How do I go about solving this for z?
$$ \begin{pmatrix} a & b & c \\ 1 & 2 & 3 \\ d & e & f \\ \end{pmatrix} ^{-1}= \begin{pmatrix} 1 & 2 & 3 \\ x & y & z \\ 4 & 5 & 6 \\ \end{pmatrix} $$
How do I go about solving this for z?
$$ \begin{pmatrix} a & b & c \\ 1 & 2 & 3 \\ d & e & f \\ \end{pmatrix} ^{-1}= \begin{pmatrix} 1 & 2 & 3 \\ x & y & z \\ 4 & 5 & 6 \\ \end{pmatrix} $$
As : $$\underbrace{\begin{pmatrix} a & b & c \\ \color{red}{1} & \color{red}{2} & \color{red}{3} \\ d & e & f \\ \end{pmatrix}}_A \underbrace{\begin{pmatrix} 1 & 2 & \color{red}{3} \\ x & y & \color{red}{z} \\ 4 & 5 & \color{red}{6} \\ \end{pmatrix}}_B= \begin{pmatrix} 1 & 0 & 0 \\ 0 & 1 & \color{red}{0} \\ 0 & 0 & 1 \\ \end{pmatrix}$$
multiplication of the second row of $A$ by the third column of $B$ will give $\color{red}{0}$, i.e.,
$$21+2z=0 \implies z=-21/2$$
Besides, it isn't evident a priori that a global solution exists with these constraints. I have checked using a Computer Algebra System that there is indeed a unique solution with this data:
$$a=-3/2, b=-1, c=-1, d=1/6, e=-1, f=-5/3, x=-13/2, y=-8, z=-21/2$$
The equation $A^{-1} = B$ implies that $AB = I_3$ where $I$ is the identity matrix, so there are two ways you could go about this:
$\left[\begin{matrix} a & b & c \\ 1 & 2 & 3 \\ d & e & f \end{matrix}\right] \left[\begin{matrix} 1 & 2 & 3 \\ x & y & z \\ 4 & 5 & 6 \end{matrix}\right] = \left[\begin{matrix} 1 & 0 & 0 \\ 0 & 1 & 0 \\ 0 & 0 & 1 \end{matrix}\right]$
and then do the full multiplication to get a set of equations, which you can then use to find an equation (or possibly multiple) for $z$ to solve.

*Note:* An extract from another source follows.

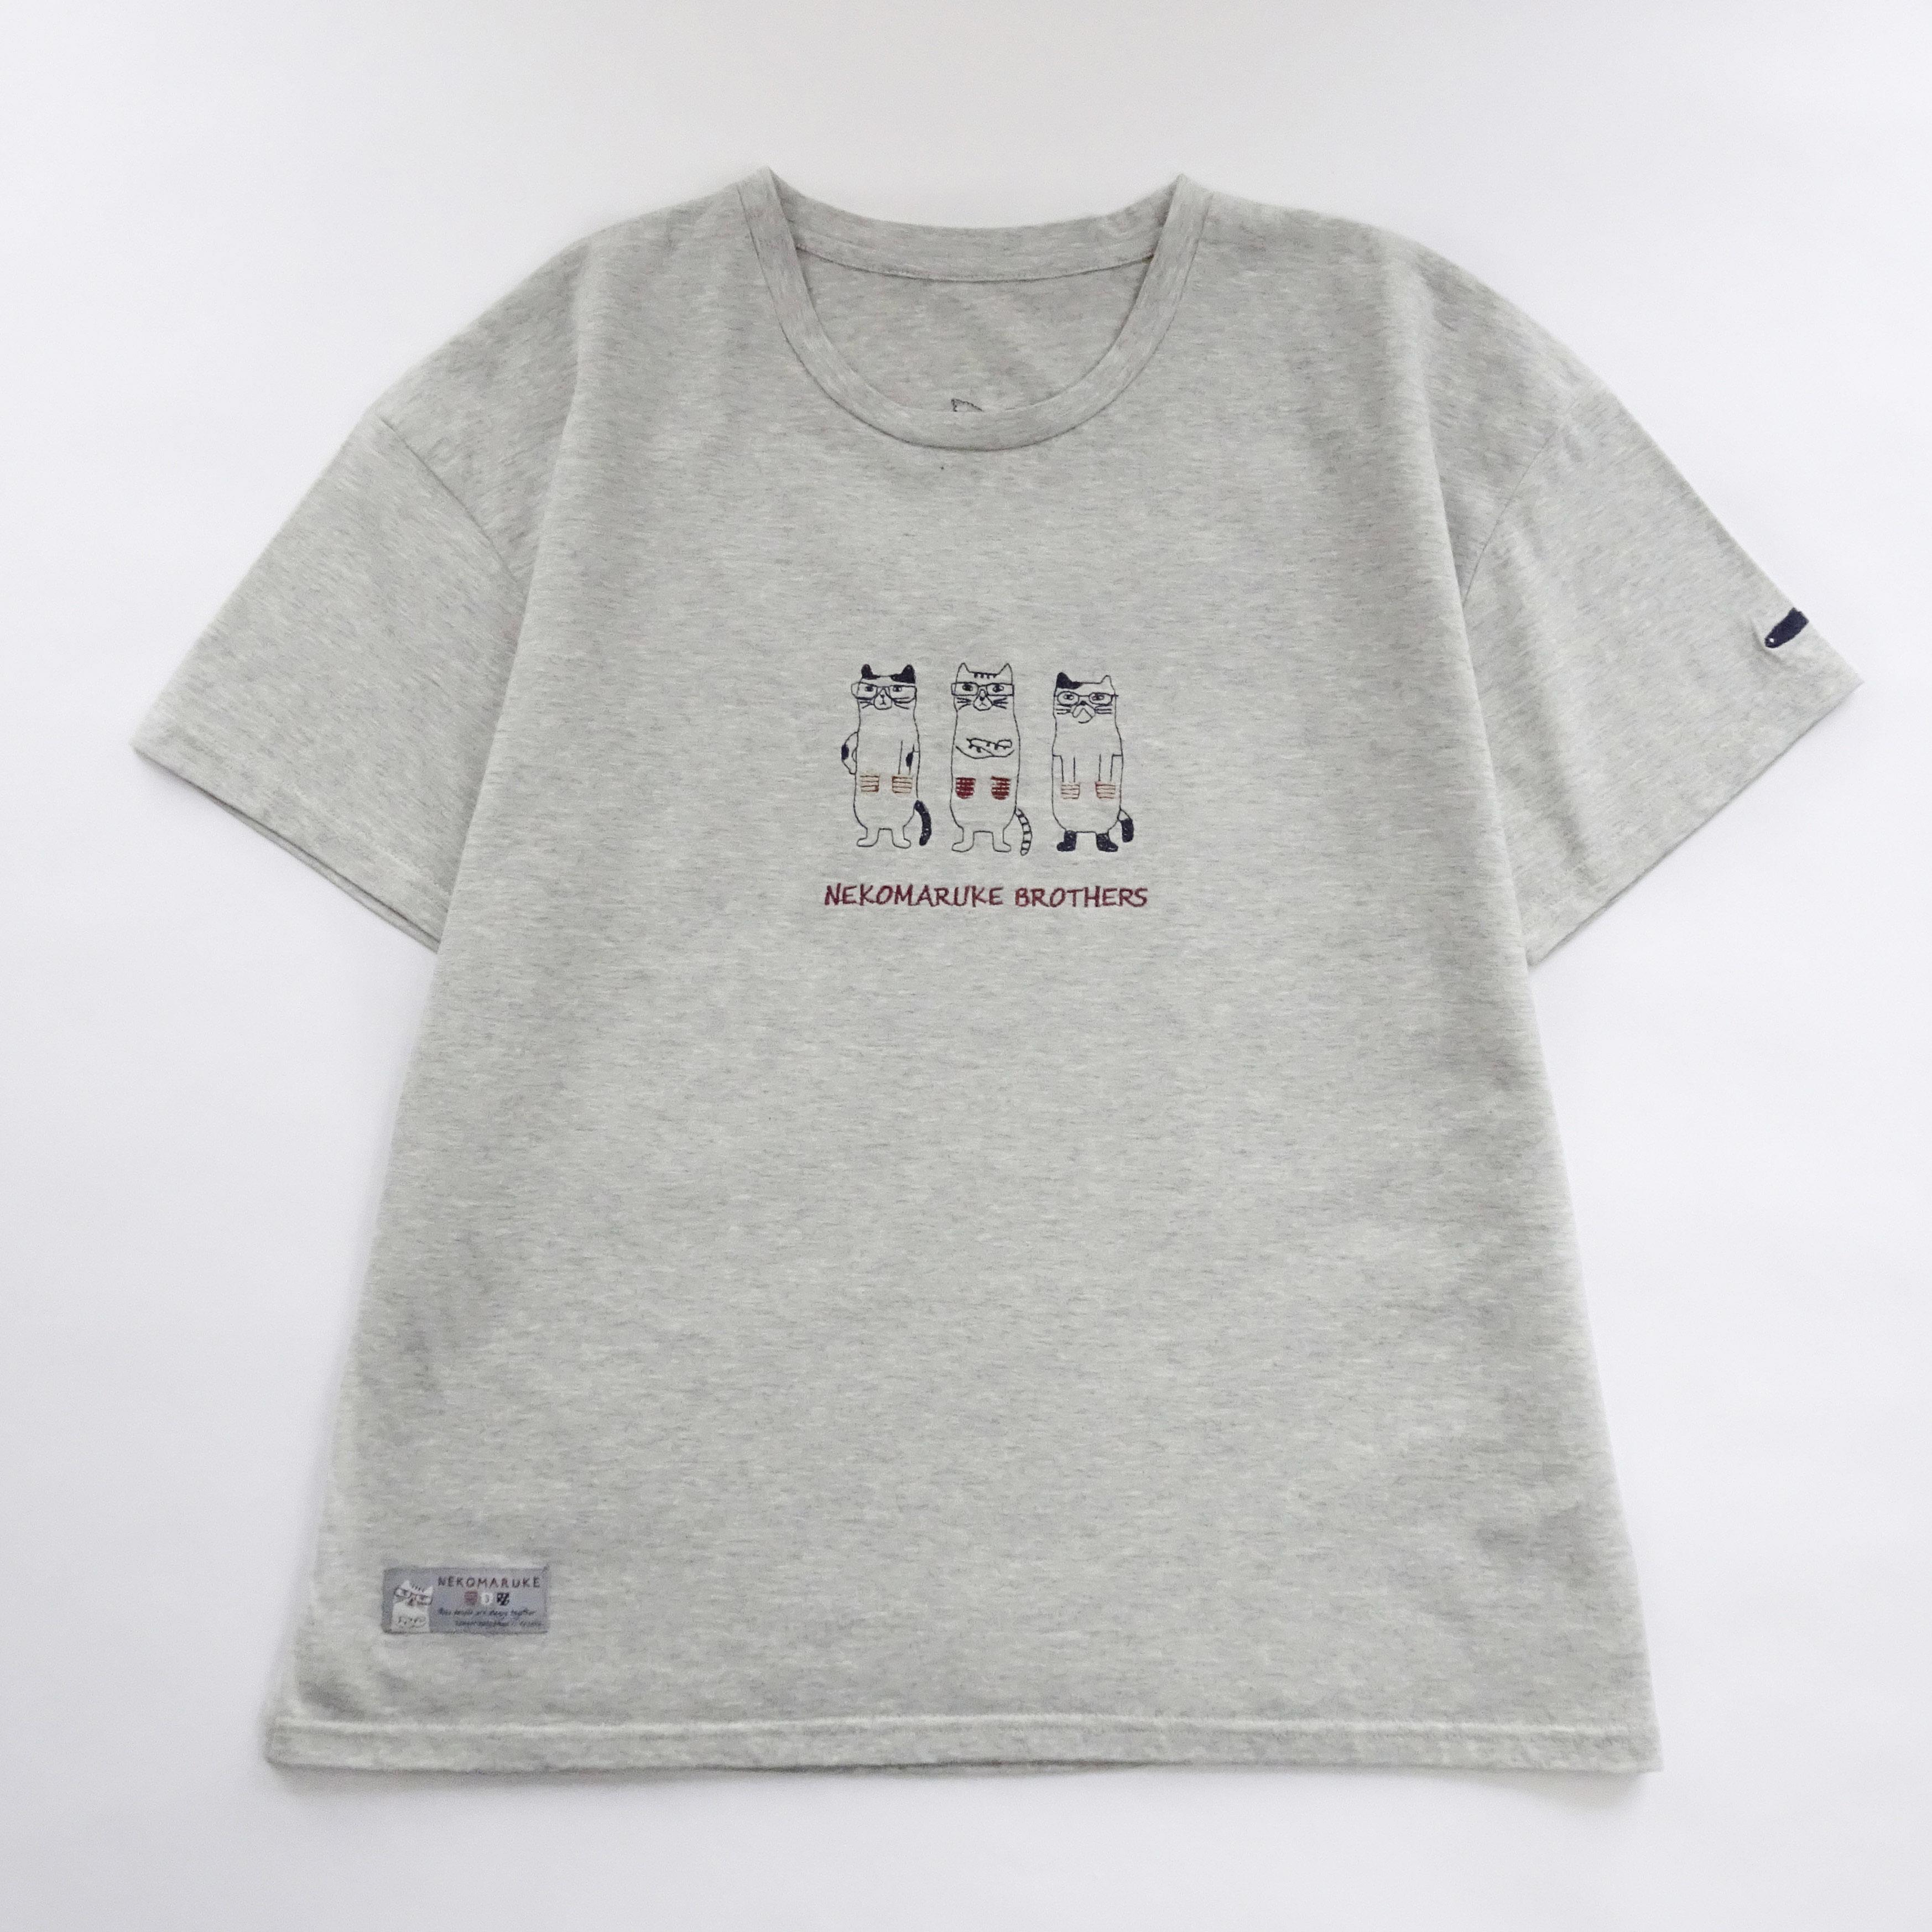 Tシャツ 「ネコまるけブラザーズ グレー」

$\left[\begin{array}{c c c | c c c} a & b & c & 1 & 0 & 0 \\ 1 & 2 & 3 & 0 & 1 & 0 \\ d & e & f & 0 & 0 & 1\end{array}\right] \rightarrow \left[\begin{array}{c c c | c c c} 1 & 0 & 0 & ? & ? & ? \\ 0 & 1 & 0 & ? & ? & ? \\ 0 & 0 & 1 & ? & ? & ? \end{array}\right]$
You should find that the question marks match up with the second matrix in your question, and hence you can find the value of $z$ in there.